An Uncrank'd Game Jam's Postmortem


First Draft

After thinking of a few concepts I decided on an exploration game where you sail the seven seas searching for treasure, I kinda wanted to recreate the feeling of The Legend of Zelda: Phantom Hourglass where I remember spending  several hours exploring the sea on my DS.

Furthermore, I knew that a mode7's library was available for the Playdate and thought that it was a good opportunity to test it.

                                                                                                                         

Mode7

Mode7 originate from the SNES and is especially known with Mario Kart. This technique is used to fake a 3D effect using only sprites and reducing a lot the performance cost that would otherwise need to render a 3D object. The Playdate doesn't have any GPU, so it turns out that this technique is particularly effective on this hardware.

Mario Kart on SNES use Mode7

Hopefully the developers of P-Racing developed their own Mode7 library for the game and made it public (Playdate Mode7 Library).
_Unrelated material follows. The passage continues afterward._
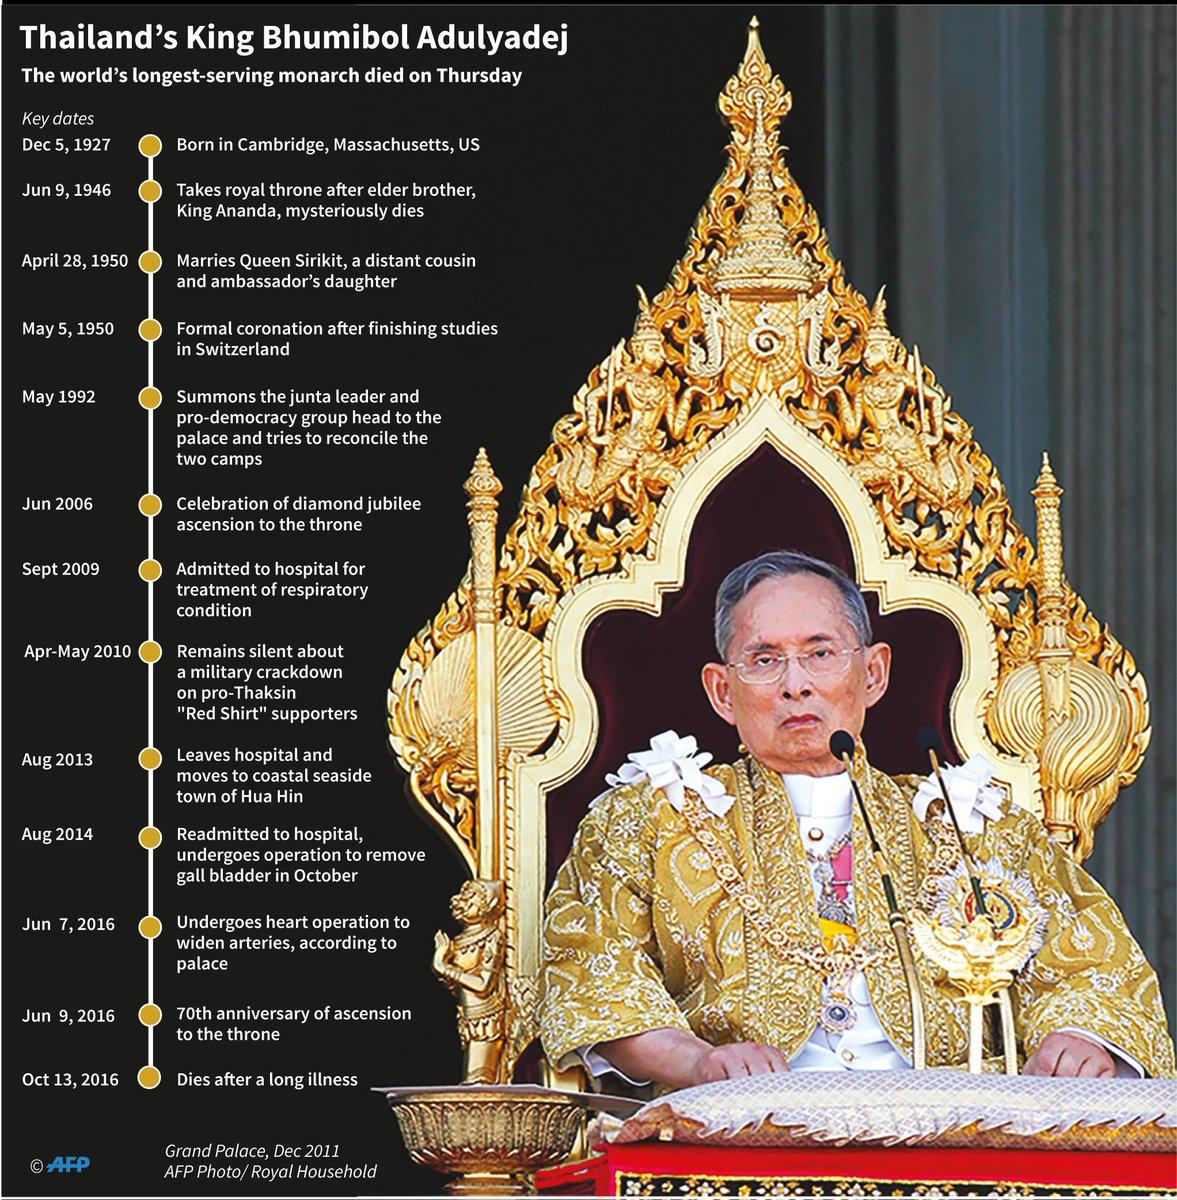 #KingBhumibol: Key dates during his reign https://t.co/fGGSlNlxNr https://t.co/ubOhspiEb3

Now I just have to learn how it works and we're lucky, they made a demo project and a really good documentation.

                                                                                                                         

Character, Controls, Camera

The first step was to create a toy, so first I focused on the 3C ( Character, Controls, Camera ). The Character remained quite similar to the P-Racing demo scene from the library, but I added a bit of movement to the Camera.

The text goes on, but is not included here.